═══ DATASET EXTRACT ═══

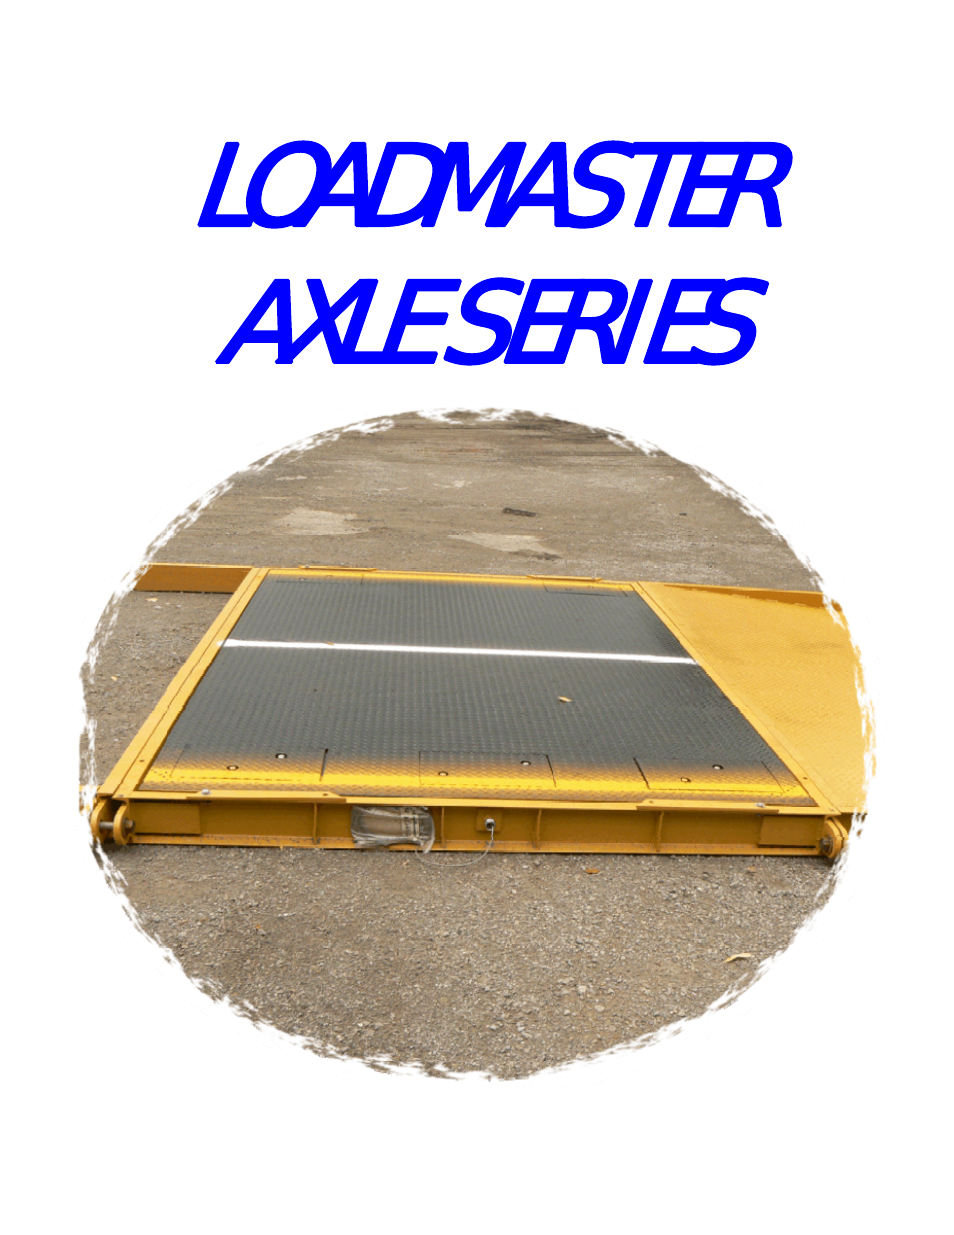 Portable Axle Scale 7'x10' w/ramps
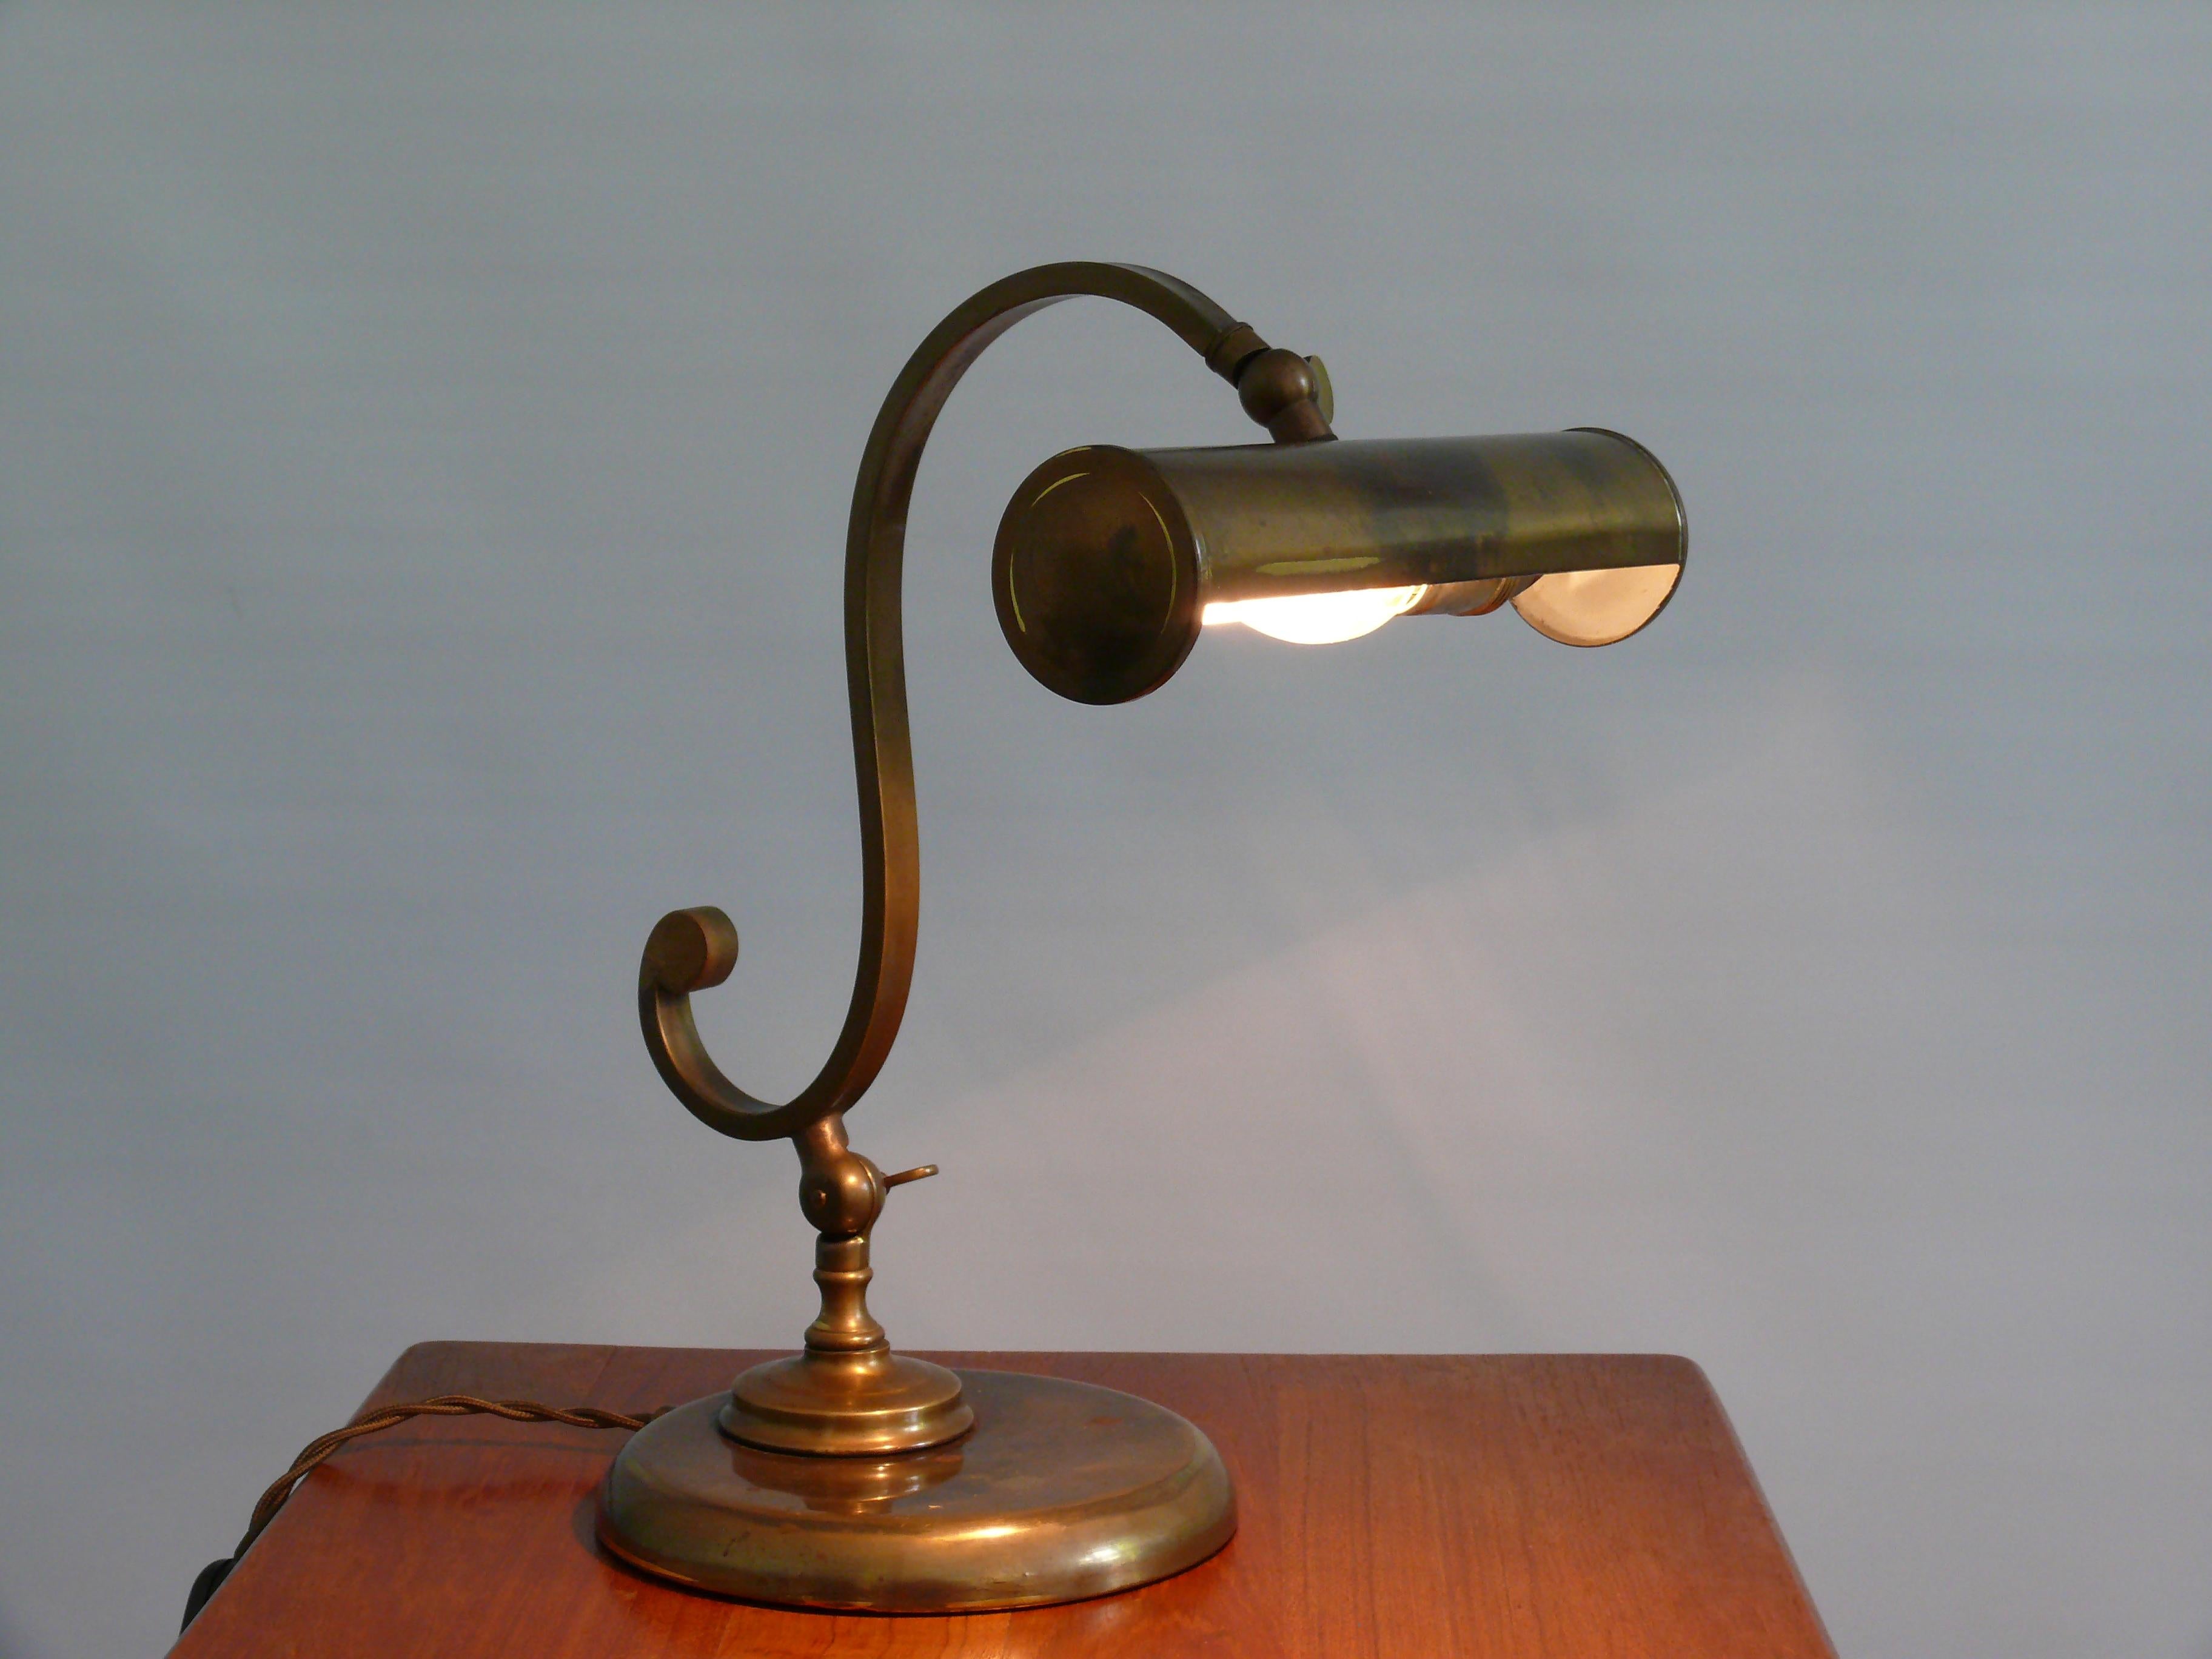 German Midcentury Brass Piano Lamp, 1950s For Sale
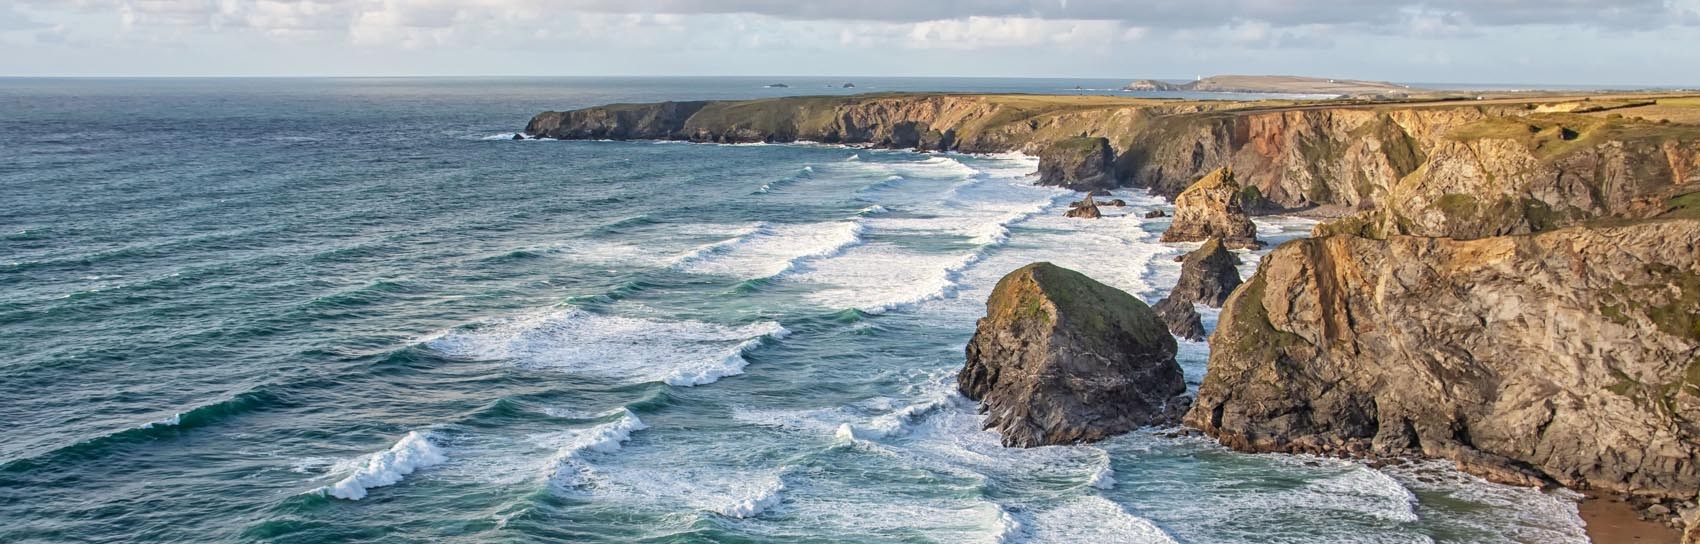 Bedruthan Steps in Cornwall. Photograph by ALEX GRAEME
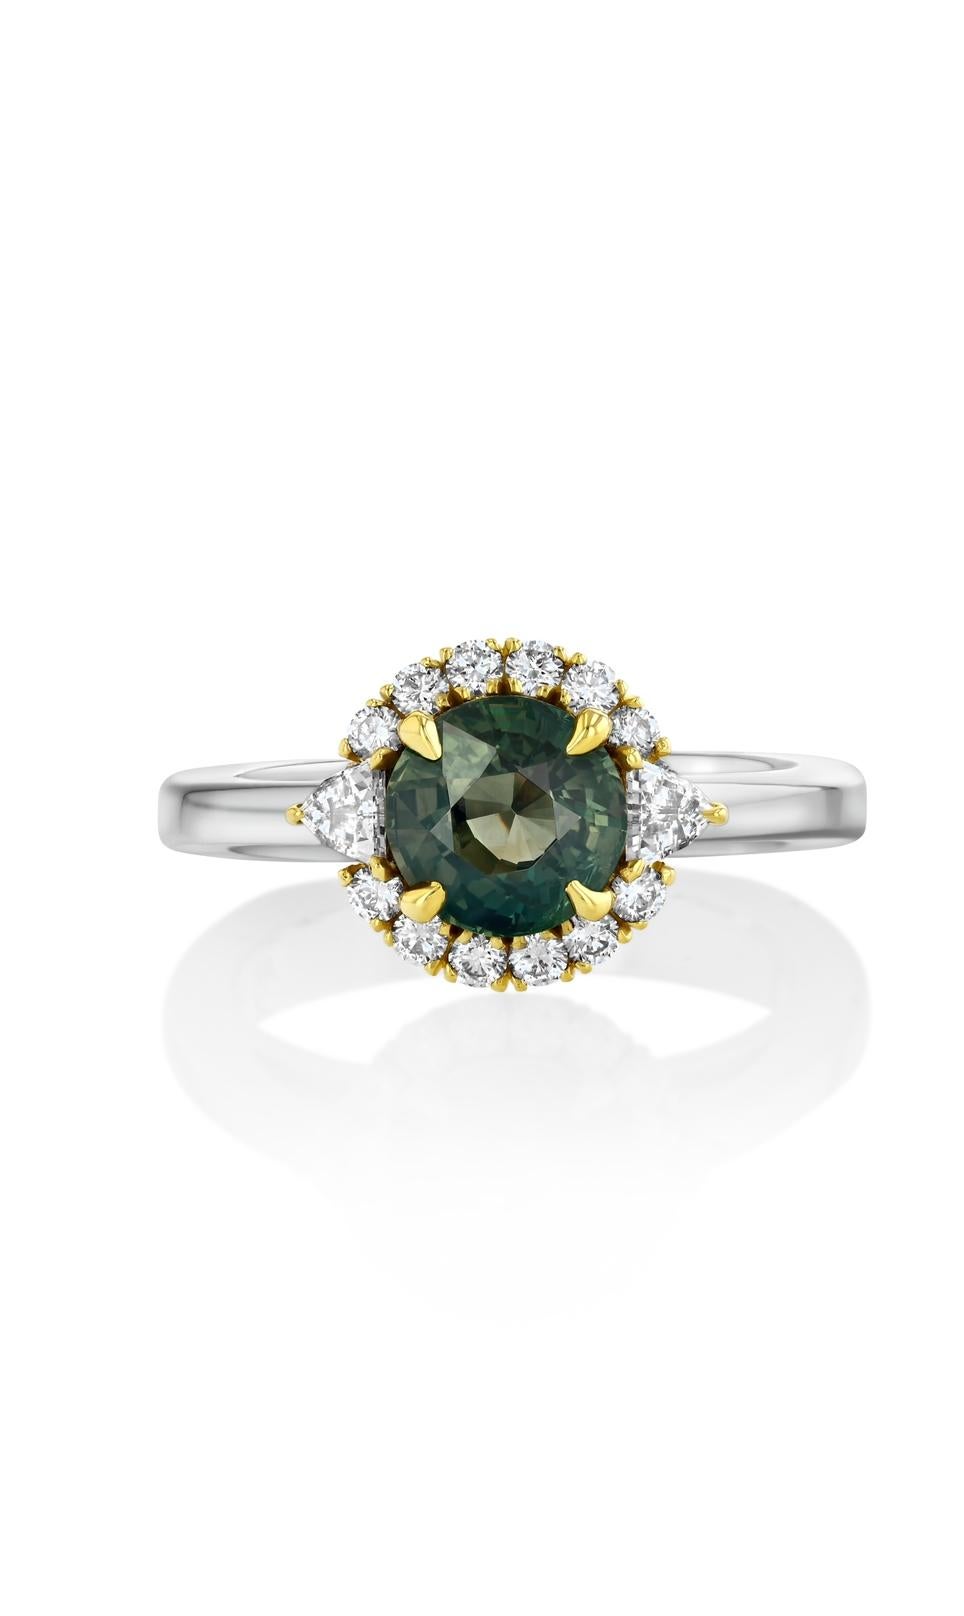 Modern 1.74ct round Alexandrite. Ring in platinum and 18K yellow gold. GIA certified. For Sale

═══

WORK REQUIRED:
The data above should be repeated in full and exactly, with no pictures carried over.

TASK RESPONSE:
 Portable Axle Scale 7'x10' w/ramps
 German Midcentury Brass Piano Lamp, 1950s For Sale
 Bedruthan Steps in Cornwall. Photograph by ALEX GRAEME
 Modern 1.74ct round Alexandrite. Ring in platinum and 18K yellow gold. GIA certified. For Sale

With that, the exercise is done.